Copy all the data exactly, except the pictures.

DATA:
○ ○ ○

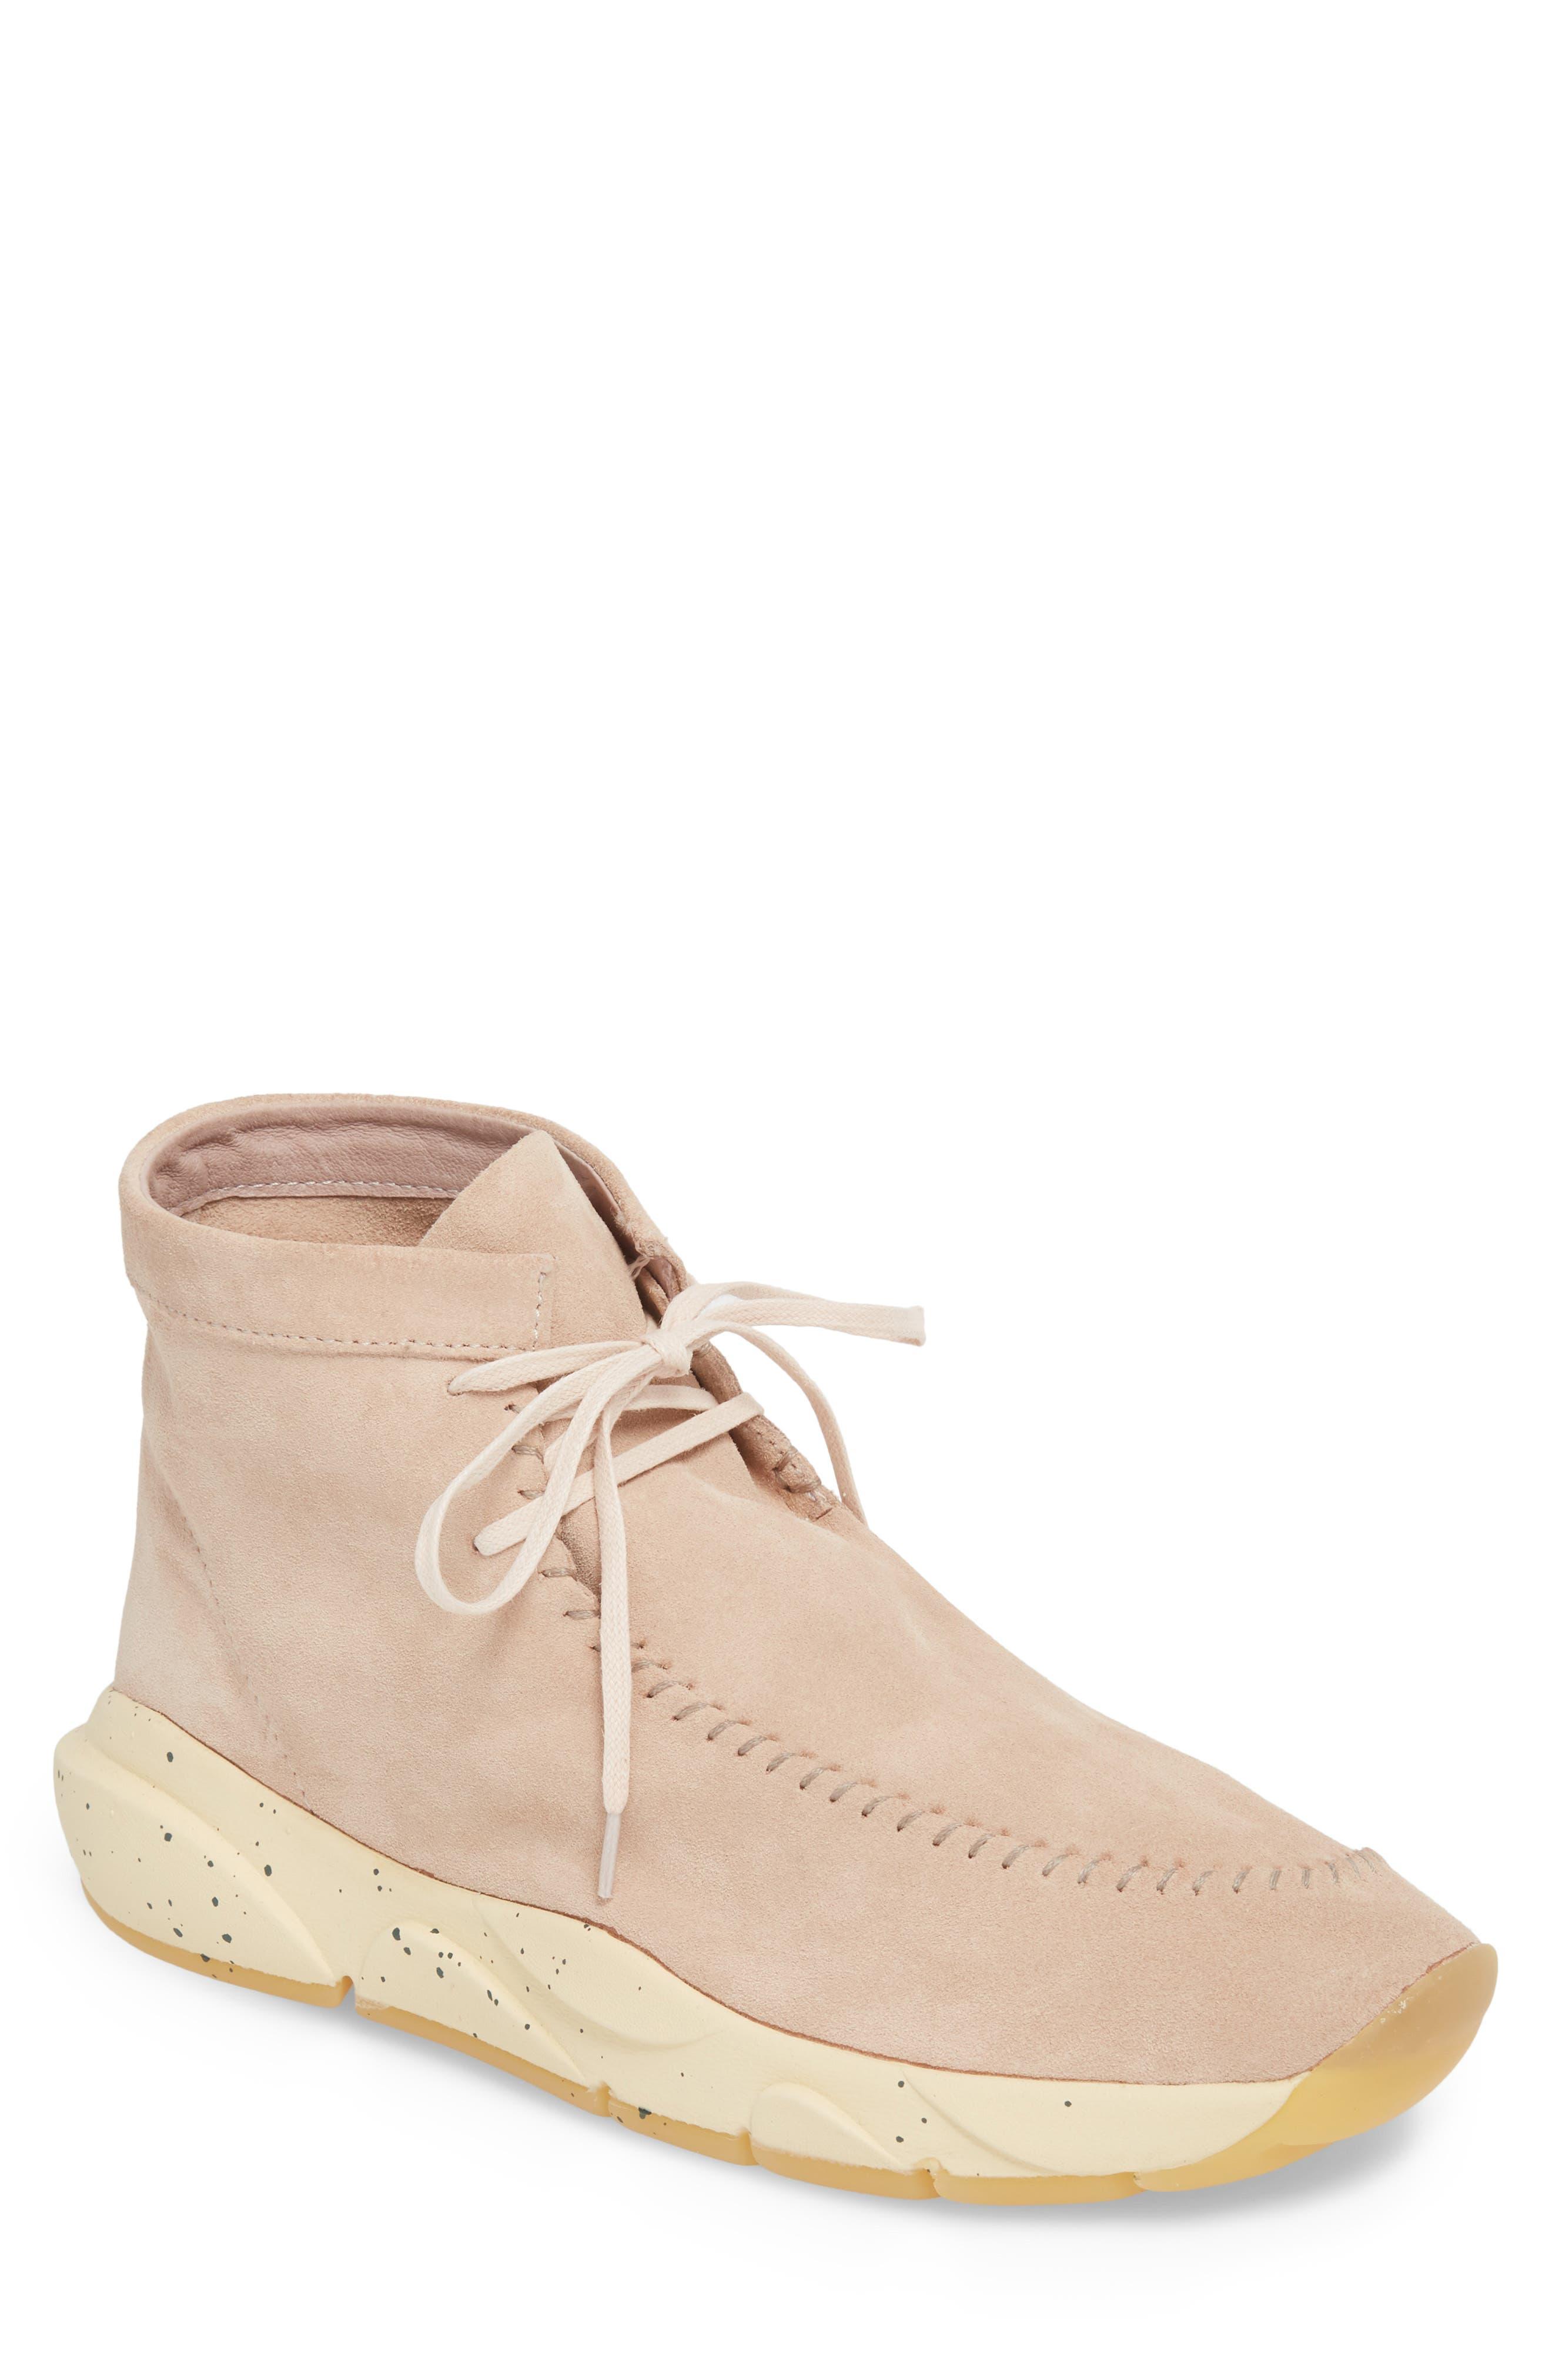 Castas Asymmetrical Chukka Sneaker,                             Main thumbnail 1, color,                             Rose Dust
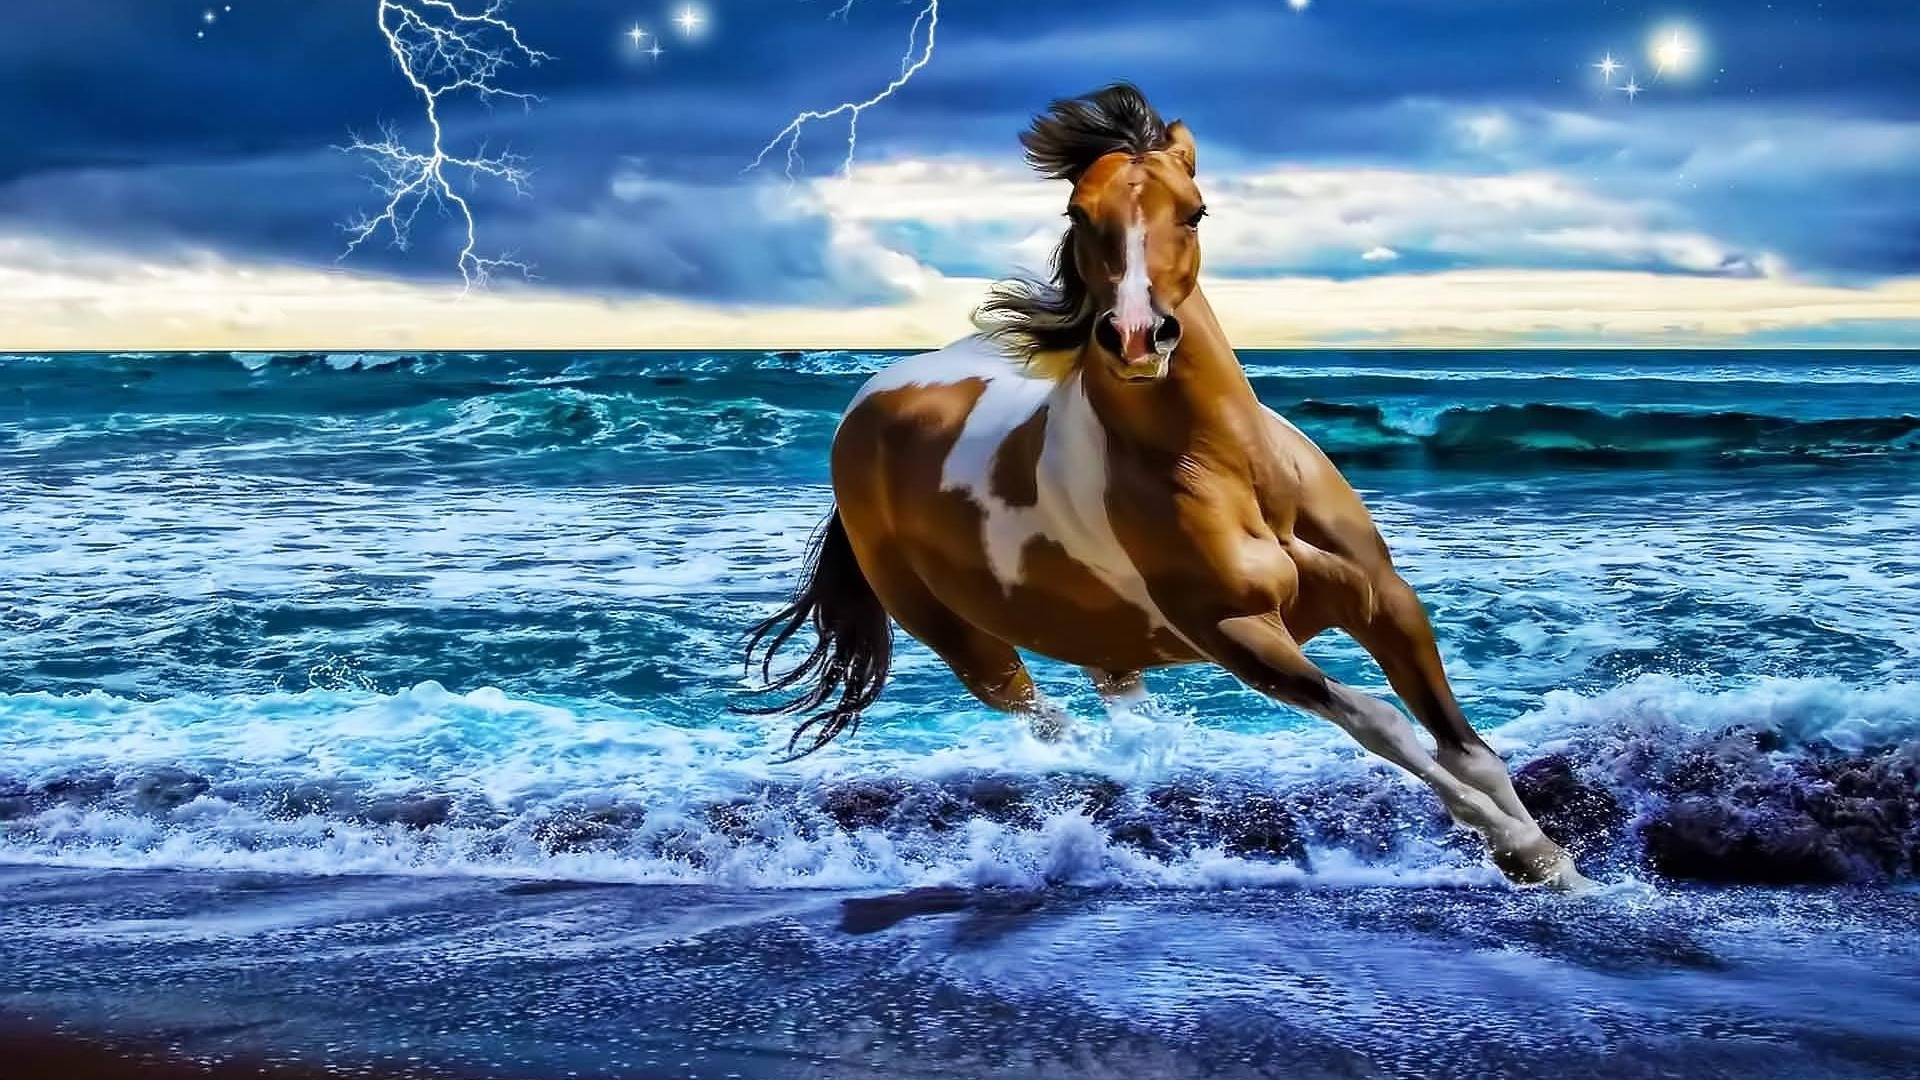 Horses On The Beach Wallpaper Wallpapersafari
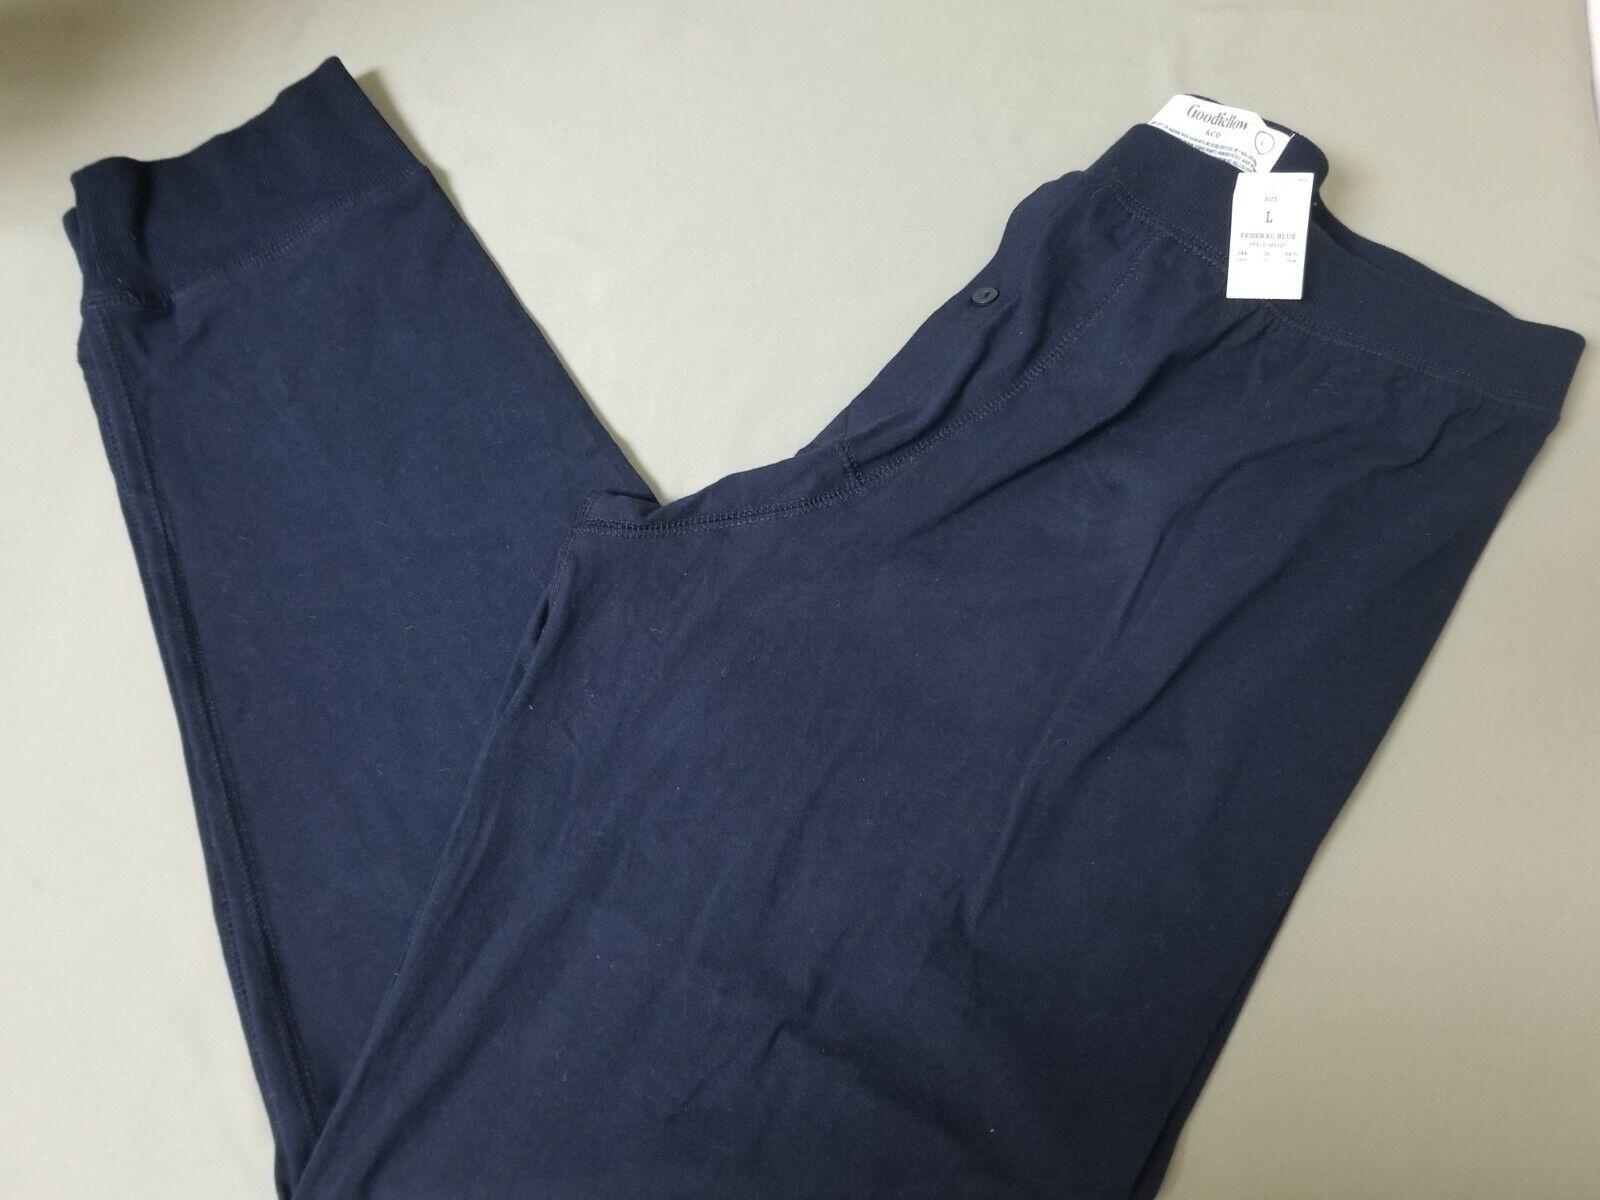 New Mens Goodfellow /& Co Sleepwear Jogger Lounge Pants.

○ ○ ○

TASK SOLUTION:
 Castas Asymmetrical Chukka Sneaker,                             Main thumbnail 1, color,                             Rose Dust
 Horses On The Beach Wallpaper Wallpapersafari
 New Mens Goodfellow /& Co Sleepwear Jogger Lounge Pants.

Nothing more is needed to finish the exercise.